Cake-Eating Fairy in 19C Staffordshire March 10, 2018
Author: Beach Combing | in : Modern , trackbackIntroducing Nancy
This little passage is a troubling one for all kinds of reasons. In the mid-late nineteenth century, an itinerant preacher recounted an experience from his time in Staffordshire (a Midlands English county that ranged, in this period, from the beautifully wild to the grimily industrial). He had evidently begged a bed in the kitchen one evening in a Staffordshire farm in the moorlands. The photo at the head of this post should give you some idea of the landscapes we are dealing with.
I went into a farmhouse to stay a night, and in the evening there came a knocking in the room as if some one had struck the table. I jumped up. My hostess got up and ‘good-night,’ says she, ‘I’m off’. ‘But what was it?’ says I. ‘Just a poor old fairy,’ says she; ‘old Nancy. She’s a poor old thing; been here ever so long; lost her husband and her children; it’s bad to be left like that, all alone. I leave a bit o’ cake on the table for her, and sometimes she fetches it, and sometimes she don’t’.
Fairies and the Dead
There is a great literature on fairies and the dead, and some claims (e.g. Lewis Spence) that fairies are the dead. This is either unconvincing for Britain and Ireland or backdated, on shaky evidence, to a Neolithic past of which we know very little. Nancy is clearly a ghost. Four reasons for this. (i) The name ‘Nancy’ is far too proletarian for a fairy; Titania is blushing as I write this. (ii) ‘Old’ is frequently applied in 19C England to ghosts and bogeys; (iii) fairies may have husbands and children but they do not die; and (iv) fairies usually eat dairy not cake.* All this begs the question, then, why on earth, is Nancy called a ‘fairy’ here? The simple answer is that in the Midlands ‘fairy’ was used surprisingly late to mean ‘creepy badass spirit’. Folklore terminology! Cock the pistol and put it in your mouth…
1887 OS Map (surveying 1878)
Nancy Has Her Cake and…
From a later article (Witcutt) we learn that Nancy haunted Mixon in the Moorlands, though we are not told which of the four or five houses there: can anyone actually identify her home, drbeachcombing AT gmail DOT com.
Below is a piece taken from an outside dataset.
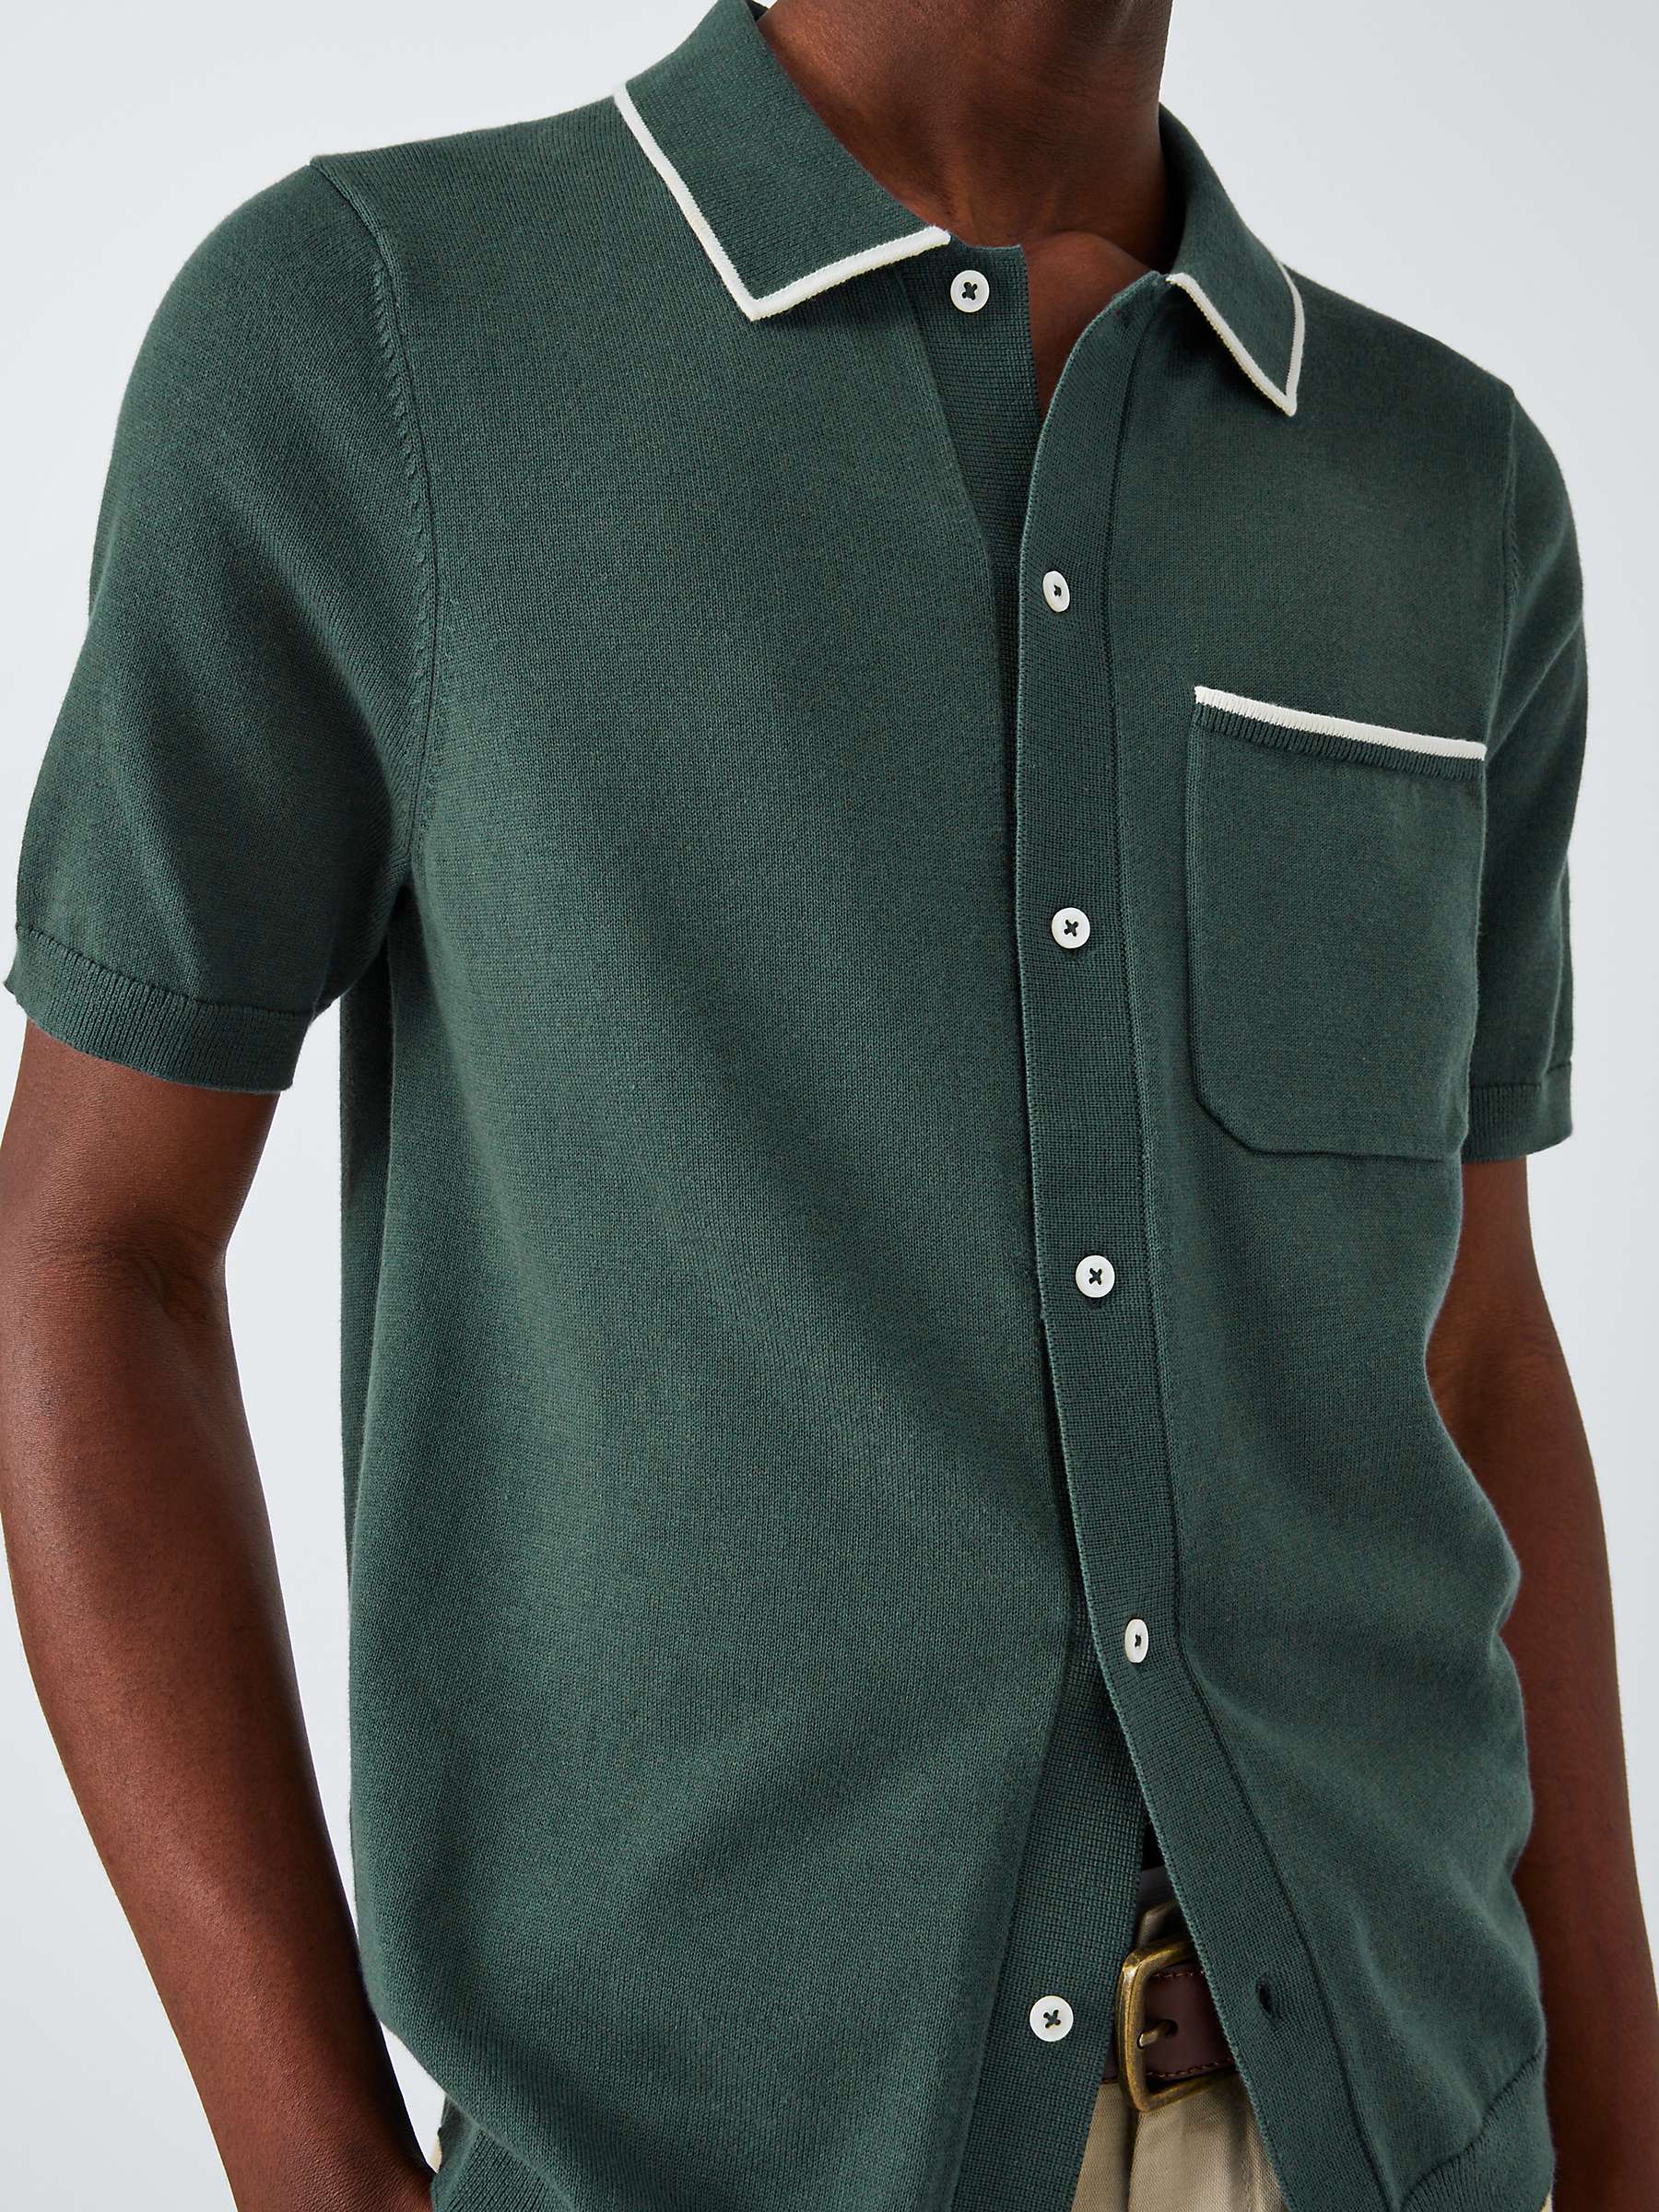 Buy John Lewis Knitted Short Sleeve Shirt Online at johnlewis.com

But here, from the keyboard of one who has spent hundreds of hours hunting these immaterial monsters, is a reconstruction of her likely biography: Beach can fill in the blanks with his eyes closed and his fingers dancing on QWERTY. Nancy was, ‘a long time ago’, a native of the farm. Her husband and children died in a terrible accident: thinking of English folklore this means (a) robbers in the house/a Scottish raiding party; (b) river in flood; or (c) ‘plague’. She lived for many years alone but her neighbours were terrified of her and her isolation. After her death, she took to haunting the property. She can be placated by a little cake on the table.
Chain of Custody
This brings us to the ‘chain of custody’ for this evidence. In 1896 one Mary Dendy wrote a letter to the journal Folklore, which was published in the December issue and entitled ‘Staffordshire Superstitions’. She had taken a series of stories from Elijah Cope, an ‘itinerant preacher’. ‘I give, as nearly as possible, exactly what he said.’ Mary, then, was writing at the end of the nineteenth century what Elijah had lived a couple of years, a decade or perhaps two or three decades before. Note that there may be a second source for this as the following (very good) site has some extra information not in Dendy’s letter. A mystery to be plumbed…
Sources
Mary Dendy, ‘Staffordshire Superstitions’, Folklore 7 (Dec., 1896), 398-399
W. P. Witcutt, ‘Notes on Staffordshire Folklore’, Folklore 52 (Sep., 1941), pp. 236-237
*Or do they, a later article on Staffordshire folklore from 1941 (Witcutt) tells us that ‘the fairies of Lady Meadows in Ipstones parish would upset the cottages and farms until bribed by pieces of cake left as offerings.’ There is regional cuisine among humans, why not among fairy carrion.